This excellent piece of advice was extracted from Mindfulness
in Plain English by Bhante Henepola Gunarantana:
All sorts of ideas are associated with the word 'meditation'.
Some of them are probably accurate and others are hogwash. Some of them pertain
more properly to other systems of meditation and have nothing to do with Vipassana
practice. …..
We are dealing exclusively with the Vipassana system of meditation,
..to watch the functioning of your own mind in a calm and detached manner
so you can gain insight into your own behavior . The goal is awareness, an
awareness so intense, concentrated and finely tuned that you will be able
to pierce the inner workings! of reality itself.
There are a number of common misconceptions about meditation. ….It is
best to deal with these things at once, because they are the sort of preconceptions
which can block your progress right from the outset. ..
Misconception #1- Meditation is just a relaxation technique
Relaxation is a key component of meditation, but Vipassana-style
meditation aims at a much loftier goal. All meditation procedures stress concentration
of the mind, bringing the mind to rest on one item or one area of! thought.
Do it strongly and thoroughly enough, and you achieve a deep and blissful
relaxation which is called Jhana. It is a state of such supreme tranquility
that it amounts to rapture. It is a form of pleasure which lies above and
beyond anything that can be experienced in the normal state of consciousness.
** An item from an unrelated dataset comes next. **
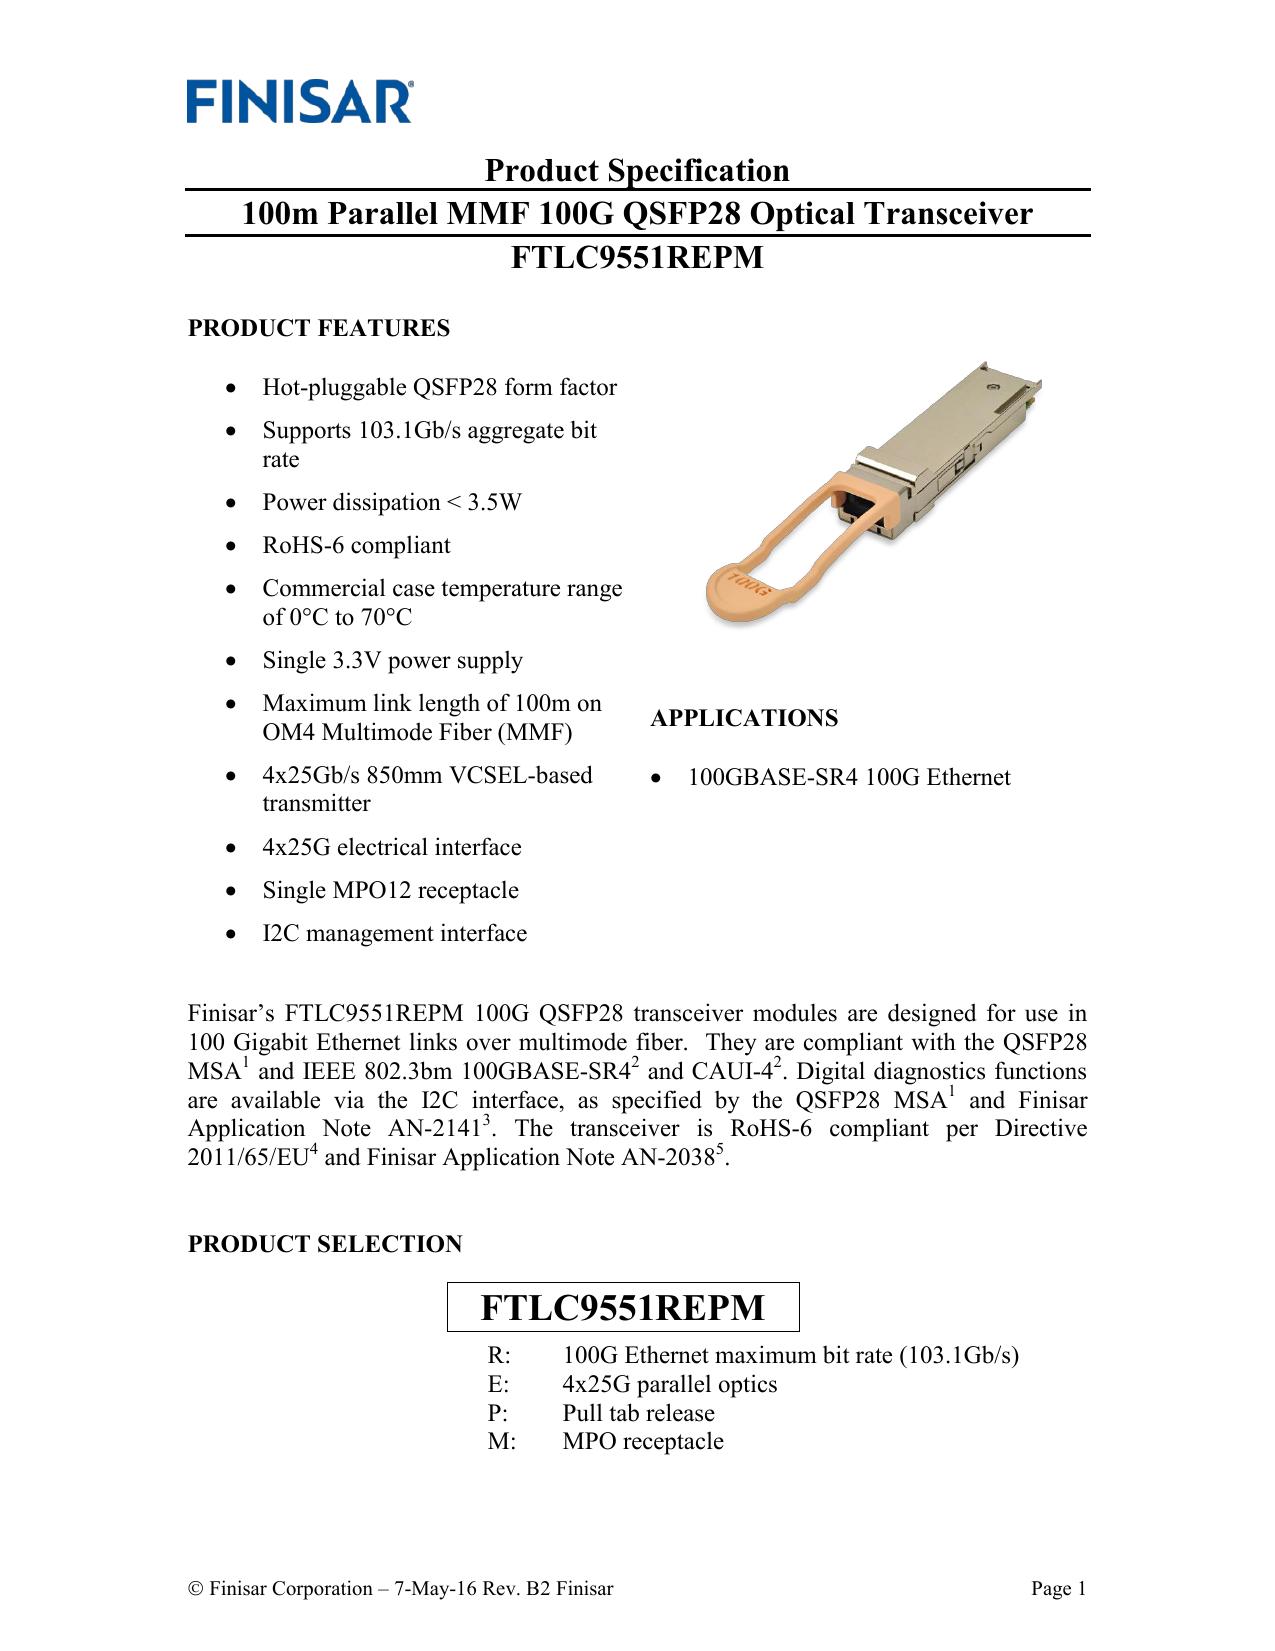 Finisar FTLC9551REPM 100GBASE   manualzz com

Most systems stop right there. That is the goal, and when you attain that,
you simply repeat the experience for the rest of your life. Not so with Vipassana
meditation. Vipassana seeks another goal--awareness. Concentration and relaxation
are considered necessary concomitants to awareness. They are required precursors,
handy tools, and beneficial byproducts. But they are not the goal. The goal
is insight. Vipassana meditation is a profound religious practice aimed at
nothing less that the purification and transformation of your everyday life.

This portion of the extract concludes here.